- Theatrical release poster
- Directed by: Pa. Vijay
- Written by: Pa. Vijay
- Produced by: Pa. Vijay
- Starring: Pa. Vijay Samuthirakani Devayani Avani Modi Yuvina Parthavi
- Cinematography: Maara Varman
- Edited by: San Lokesh
- Music by: Taj Noor
- Production company: Vil Makers
- Distributed by: Sri Thenandal Films
- Release date: 11 September 2015;
- Running time: 140 minutes
- Country: India
- Language: Tamil

= Strawberry (film) =

2015 Indian film by Pa. Vijay

Strawberry is a 2015 Indian Tamil-language comedy horror film produced, written and directed by Pa. Vijay in his directorial debut; he also plays the lead role. The film also stars Avani Modi, Samuthirakani, Yuvina Parthavi, Devayani and Robo Shankar. The soundtrack was composed by Taj Noor. The film was released in theatres on 11 September 2015.

== Plot ==
Saravanan is a taxi driver experience paranormal activities and he talks about the spirit, Anu who died in the school bus accident.

== Soundtrack ==
The soundtrack was composed by Taj Noor.

| Song title | Singer(s) |
|---|---|
| "Strawberry" | Siddharth |
| "Ahh Ohh Isai" | G. V. Prakash Kumar |
| "Kaiveesum" (Male) | D. Imman, Deepak |
| "Hai Call Taxi" | Nincy |
| "Sunday Monday" | A. I. S. Nawfal Raja |
| "Kaiveesum" (Female) | Uthara Unnikrishnan |

== Critical reception ==
Sudhir Srinivasan of The Hindu wrote, "The problem is that the nobility of Vijay's motive isn't really backed by any serious exploration of the business of education. The story may have perhaps germinated from this idea, but the film takes such a long time to get to this point that "lessons" at the end seem like an afterthought — and a manipulative afterthought at that". M Suganth of The Times of India gave the film 2 stars out of 5 and wrote, "Strawberry could have been mildly engaging if only it had released some five years ago. Given the amount of horror films that Tamil movie audiences have been exposed to during this period, the film feels utterly redundant. The filmmaking, too, isn't interesting, and depends on done-to-death cliches — moody skies, pouring rain, tacky visual effects and high-pitched music, supported by bland performances".

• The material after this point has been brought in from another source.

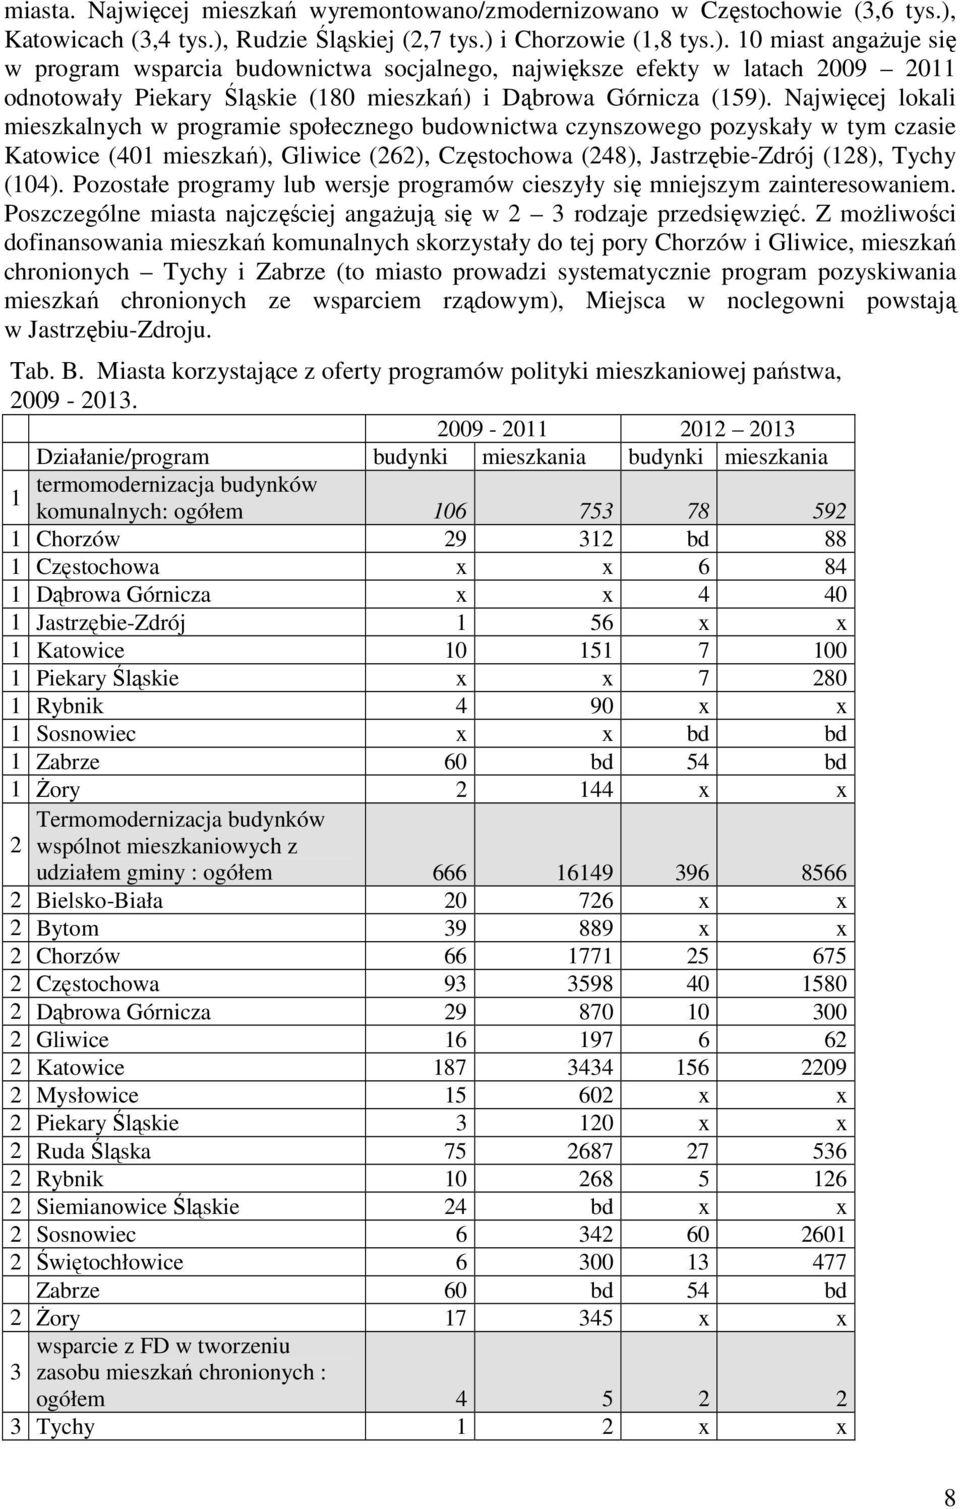 Najwięcej lokali mieszkalnych w programie społecznego budownictwa czynszowego pozyskały w tym czasie Katowice (401 mieszkań), Gliwice (262), Częstochowa (248), Jastrzębie-Zdrój (128), Tychy (104).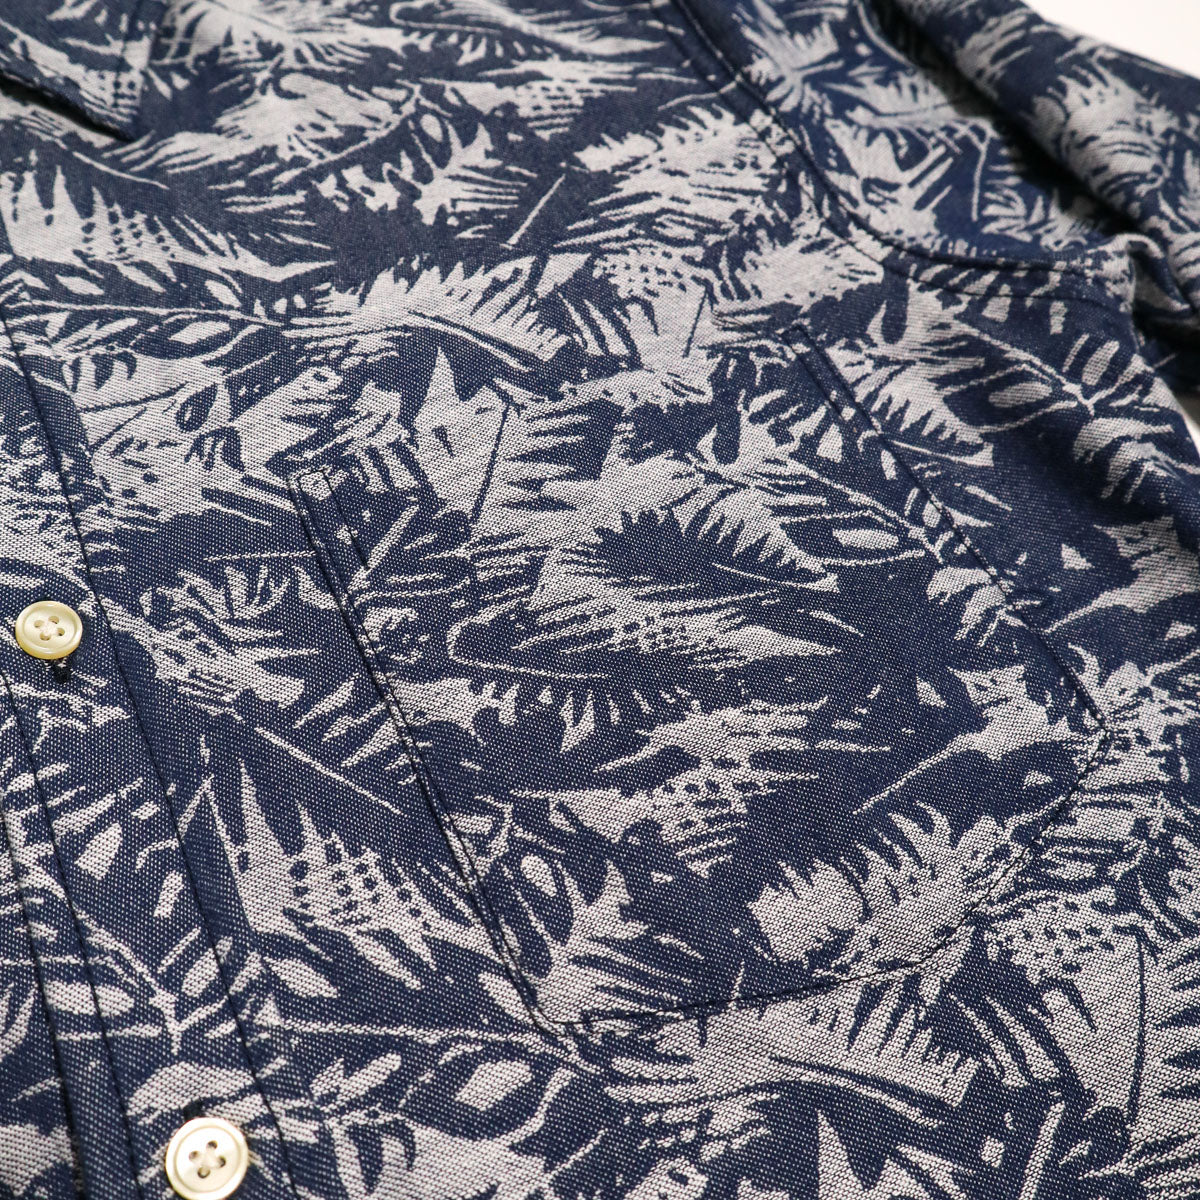 Oxford Shirt Indigo Palm Jacquard

Sify wrote, "to be frank, the one-liner of Strawberry is definitely interesting but for an engaging watch, a film needs something called water-tight writing and strong characterizations which the director has sadly missed out! The film is highly amateurish and is unbearable as the director tries to make it a social tear jerker". S Saraswathi of Rediff.com gave 3 out of 5 as well and wrote, "Despite the lack of scary moments, the uninspiring computer graphics and cliché-ridden climax, a decent storyline and some good performances make lyricist Pa Vijay's Strawberry worth a watch". Malini Mannath of The New Indian Express wrote, "Strawberry can be considered as a debutant maker's promising work".